Di ritorno da una stupenda settimana al FEFF provo a dire anche io la mia su quanto visto e vissuto ad Udine 2005.
Fino ad ora non ho partecipato molto al forum con post, ma devo dire che i vostri consigli sono sempre utilissimi per muoversi tra DVD, novità e manifestazioni (nonché cazzeggi vari :-)
Il post è un po' lunghetto....devo recuperare per i post non inviati nei mesi scorsi :-))

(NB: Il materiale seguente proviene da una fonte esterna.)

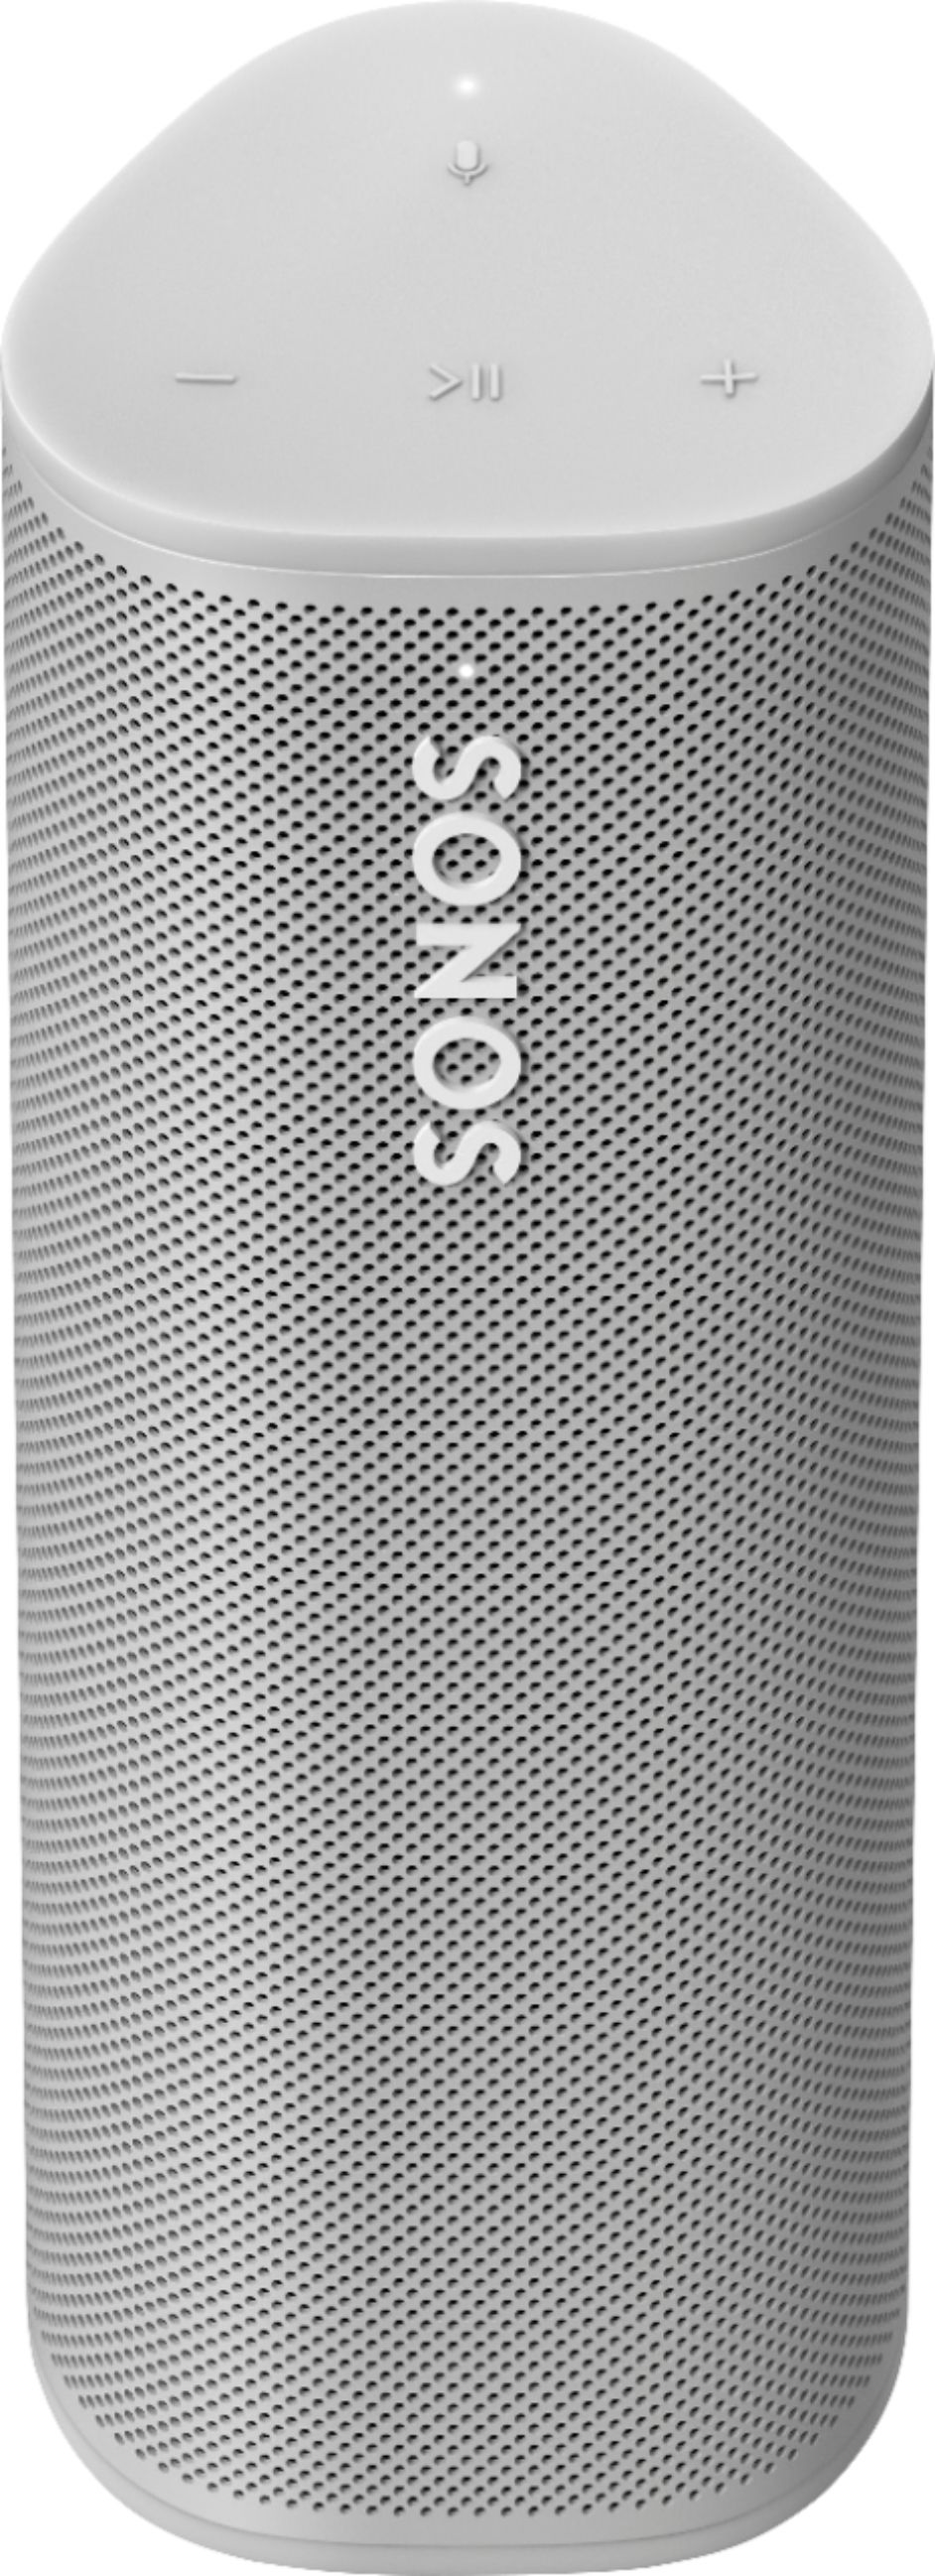 ROAM1US1 | Sonos Roam, White, Each

Il mio FEFF comincia sabato mattina con un tranquillo Milano-Udine in auto (peccato per A World without Thieves che cerchero' in DVD, mentre per Lady Snowblood ho or ora ordinato il dvd doppio da Play - 18 euro). Arrivo in tempo per i film del pomeriggio.
BLACK TIGHT KILLERS
Ottimo. Un James Bond innovativo, multicolor e delirante (a cominciare dalle prime parole che appaiono sullo schermo "Leoparda Carina" !!!). Mitico il vecchietto-insegnante del protagonista (che on ha nulla da invidiare al Flammingiano Q, con i suoi gas esilaranti ed il mega-cannone con relativa custodia). Ritmo, ritmo, ritmo: è questo che mi aspettavo dai Nikkatsu e questo ho trovato.
 Voto: 4/5
CRAZY N' THE CITY
Inizio promettente, poi si perde un po' troppo nella storia dei 2 poliziotti. Ottimo NG nel ruolo di un lucido pazzo. Verso la fine il film prende una piega un po' più "tesa" (da HongKongese), mi riprendo ed il film recupera qualche punto. Commedia Thriller per la quale vale la pena una visione (parlando di HK, io onestamente l'ho preferito a Beyond Our Ken, troppo lento e poco innovativo)
Voto: 3/5
Cena rapidissima con un pezzo di pizza e poi di nuovo al Teatro per il secondo Nikkatsu.
VELVET HUSTLER
Dopo l'esperienza di Black Tight Killers mi sarei aspettato il botto, invece questo e' un film di tono minore, non brutto, ma forse un po' troppo ripetitivo. Unico aspetto rilevante la colonna sonora "fischiettosa" (un po' Morricone, un po' Tarantiniana).
Voto: 2/5
ONE NITE IN MONGKOK
Anche se bistrattato da molti partecipanti al forum, per me è stata una delle proiezioni migliori del FEFF (insieme a Love Battlefield). Storia non innovativa (molto Johnnie To con ambientazioni notturne, ma non il To di Yesterday Once More, che vedremo dopo), ma girata in maniera ottima. Buon montaggio, adeguatamente crudo e con suspance che tiene lo spettatore sempre attento. Poi visto sul grande schermo e' una gran figata !!!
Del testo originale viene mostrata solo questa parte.